The concept of eternal salvation would continue to evolve for more than half a century. Irving explains that an aspect of LDS belief that attracted many converts was its claim of authority to act in God’s name. While Smith assured Saints via revelation that “All who have died without a knowledge of this Gospel, who would have received it if they had been permitted to tarry, shall be heirs of the celestial kingdom,” many wondered how a deceased loved one could attain the celestial kingdom without baptism. The solution, according to Smith, was baptism for the dead.
However, Smith’s 1843 revelation dividing the celestial kingdom into three degrees asserted that family ties, extending back to Adam, were essential to achieving exaltation, or the highest degree of the celestial kingdom. The “way to do this,” explained Smith later, was through celestial marriage in a temple. Through celestial marriage, the doctrine goes, earth’s families could be linked to a chain of family that began to Adam and subsequently, become “heirs of exaltation.”
But the exaltation doctrine created concerns that persons would attain the celestial kingdom but not its highest level because they could not link their family chains to a proper priesthood authority extending to Adam.
A solution to that dilemma was that prominent church members could be grafted — through ordination by the prophet — to the patriarchal order — thereby allowing them to “adopt as children” members of the church. This is a key reason early church members, such as John D. Lee, are often referred to as “adopted sons” of Brigham Young, or Heber C. Kimball, or other apostles.
Although Irvine says it’s unclear if adoptions occurred before Smith died, they were common when Brigham Young became prophet. In fact, there were plans to even start settlements with “adopted” families of Young, Kimball, John Taylor, Willard Richards, and other prominent LDS apostles.
According to Irvine’s article, some of the early apostles even pitched themselves and advertised for “children to adopt.” Irvine writes, “Apostle George A. Lee Smith admitted in February, 1847, that he had lextioneered” with all his might to get people to join him.” These “adopted” families would meet for conferences with counsel from Young, Kimball, and social events such as dances.
Within several years, though, adoptions had fallen out of favor. Human nature was a key reason. Like real families, adopted siblings tended to quarrel. Irvine recounts feuds between Lee and other of Young’s adopted children. Other examples include adopted children — grown men — worried they would be subordinate to their “adopted fathers” in the celestial Kingdom. Other adopted “children” believed they could be supported by their “fathers.” Prophet Young, writes Irvine, wryly noted in 1847 “that he hoped the day would come when his adopted children would ‘have to provide temporal blessings for me instead of my boarding from 40 to 50 persons as I do now …’”
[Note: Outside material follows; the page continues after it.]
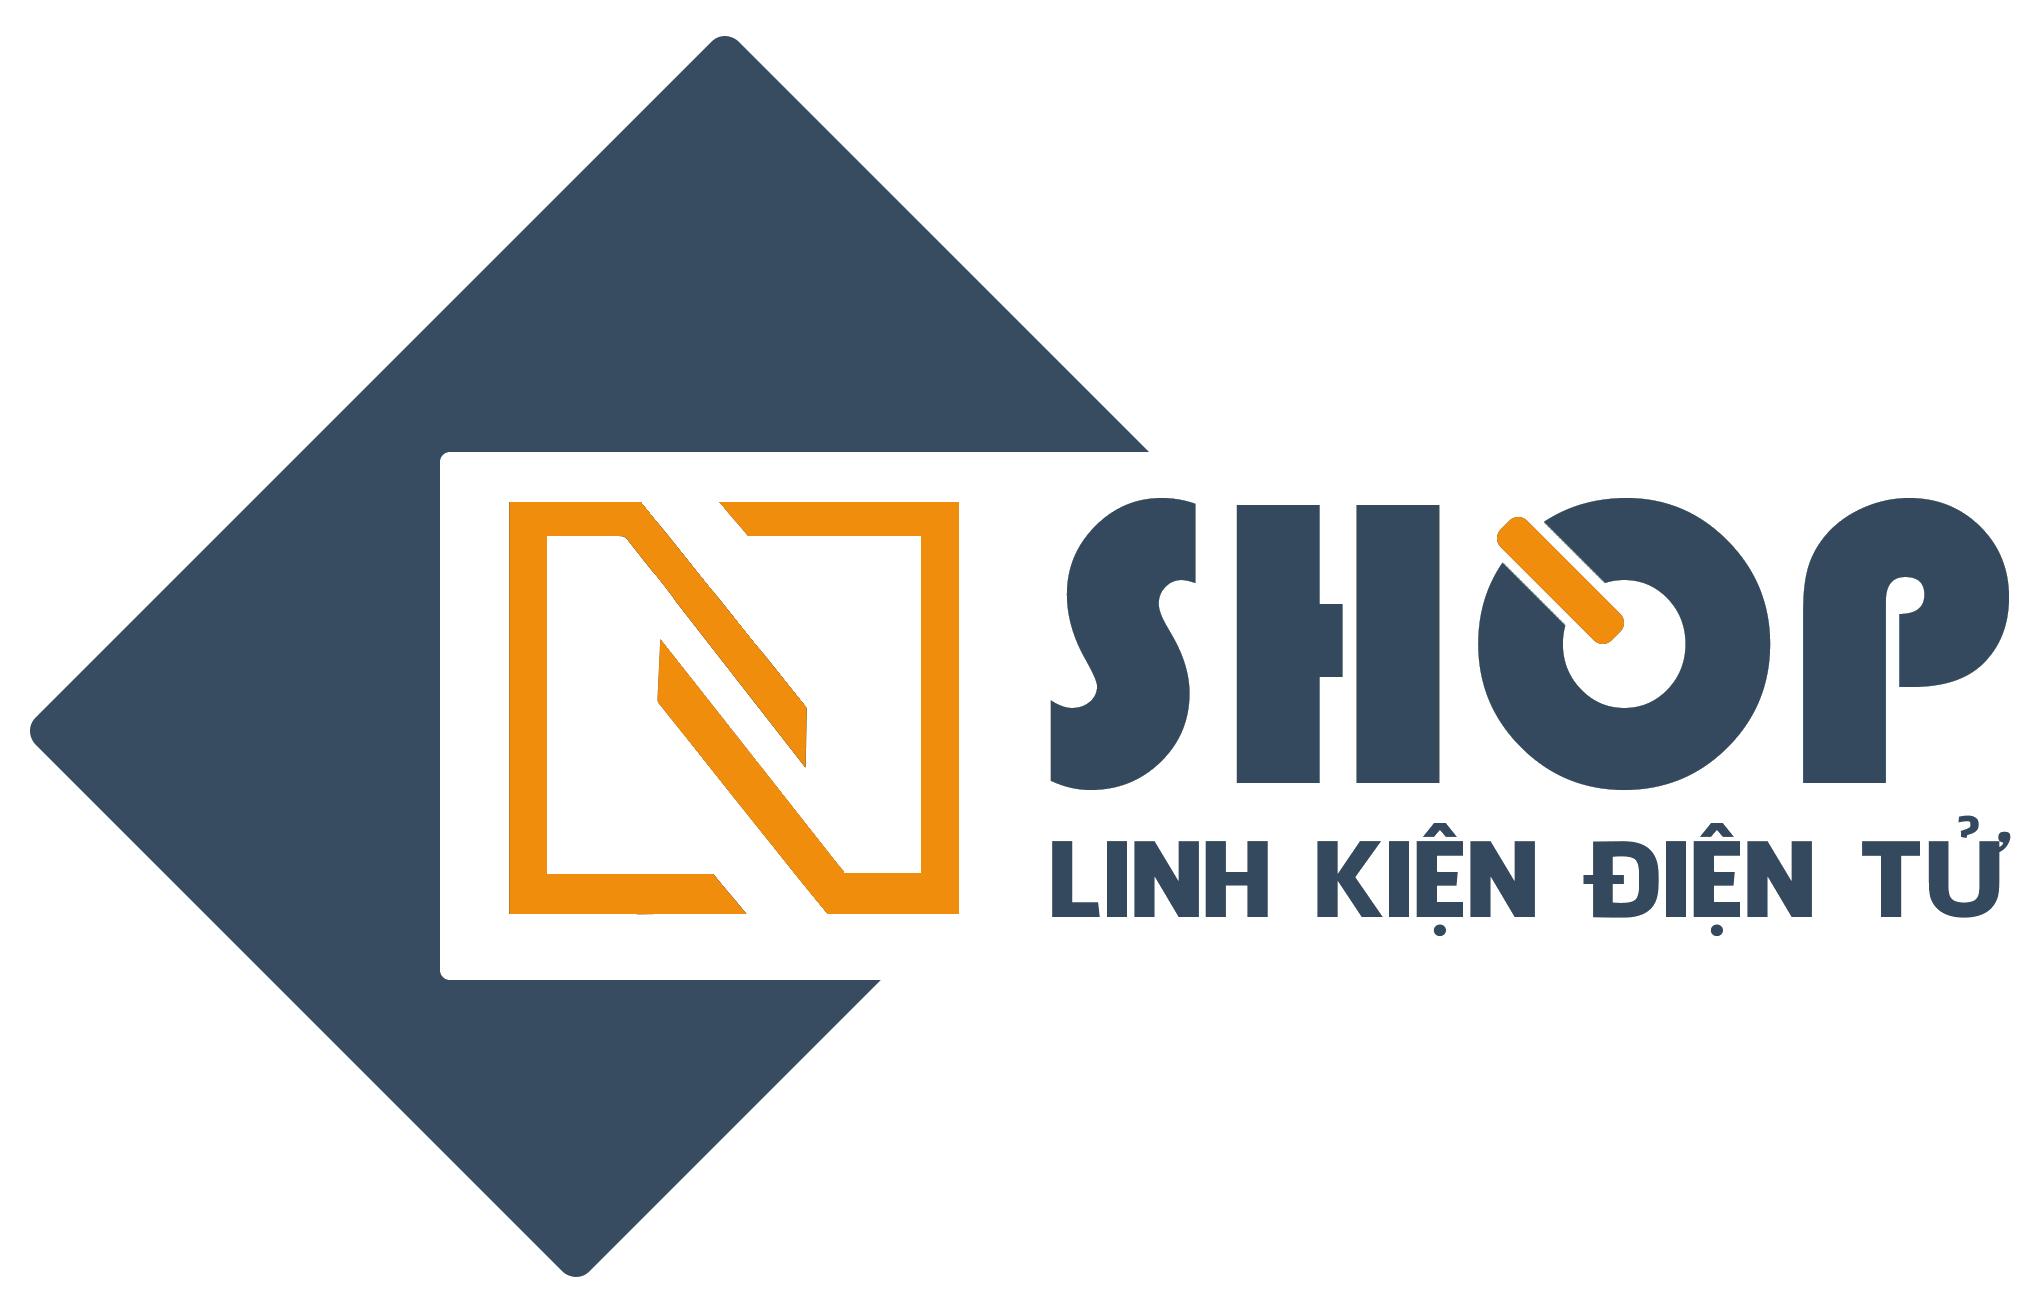 Nshop

In the 1870s, the construction of a temple in St. George, Utah, renewed interest in adoption. New rules were established for the ordinance. One allowed deceased non-member husbands of women members to be adopted. Another allowed members more choice in who they could choose as an adopted father. As a result of the temples being away from Salt Lake City, many members chose deceased apostles to adopt them, because a proxy could be used.
Eventually, the second phase of adoptions failed to satisfy members as well. Many were distressed at the strict rules allowing only one generation beyond baptism to be adopted. Church members who had traced their ancestry much further, writes Irvine, were upset those ancestors would not have the fullness of the Gospel. Others groused that the adoption doctrine was still too complex and difficult to understand.
Adoption ended via — once again — a revelation. In 1894, Church Prophet Wilford Woodruff announced that all children would be “adopted to his (or her) father.” He further said, “We want the Latter-day Saints from this time to trace their genealogies as far as they can, and to be sealed to their fathers and mothers. Have children sealed to their parents, and run the chain as far as you can get it.”
President Woodruff detailed the revelation as additions from the Lord to what Joseph Smith hard originally received. This, Irvine explains, fits with the Mormon concept of continuous revelation, “line upon line, precept upon precept,”
Woodruff’s revelation was very popular, and remains so today. It’s no coincidence that the Mormons’ now iconic interest in genealogy work increased at that time.
There were still kinks to be worked out. Church leaders took pains to assure anxious members that adoption/sealing to a parent was as valid as one to an apostle. Also, the 13,000-plus Saints who had been adopted by Young, Kimball, and the others were a dilemma. As Irvine writes, Church leaders let God sort it out, directing these members to be sealed to their parents while keeping their former “adoptions” in church records.
-- Doug Gibson
This post was originally published at StandardBlogs.
Monday, March 20, 2017
John Q. Cannon and Louie Wells, a Utah Camelot scandal
I’m haunted by a ragged PDF-copied photograph, courtesy of the Utah State Historical Society, of Louisa “Louie” Wells, who 130 years ago was a princess in Mormon Salt Lake City. The poor quality of the reproduced photo does not hide that she was a beautiful young woman. “Louie” Wells was the daughter of Mormon elitist Daniel Hamner Wells, Salt Lake City mayor, and Emmeline Blanche Wells, Mormon feminist and magazine editor.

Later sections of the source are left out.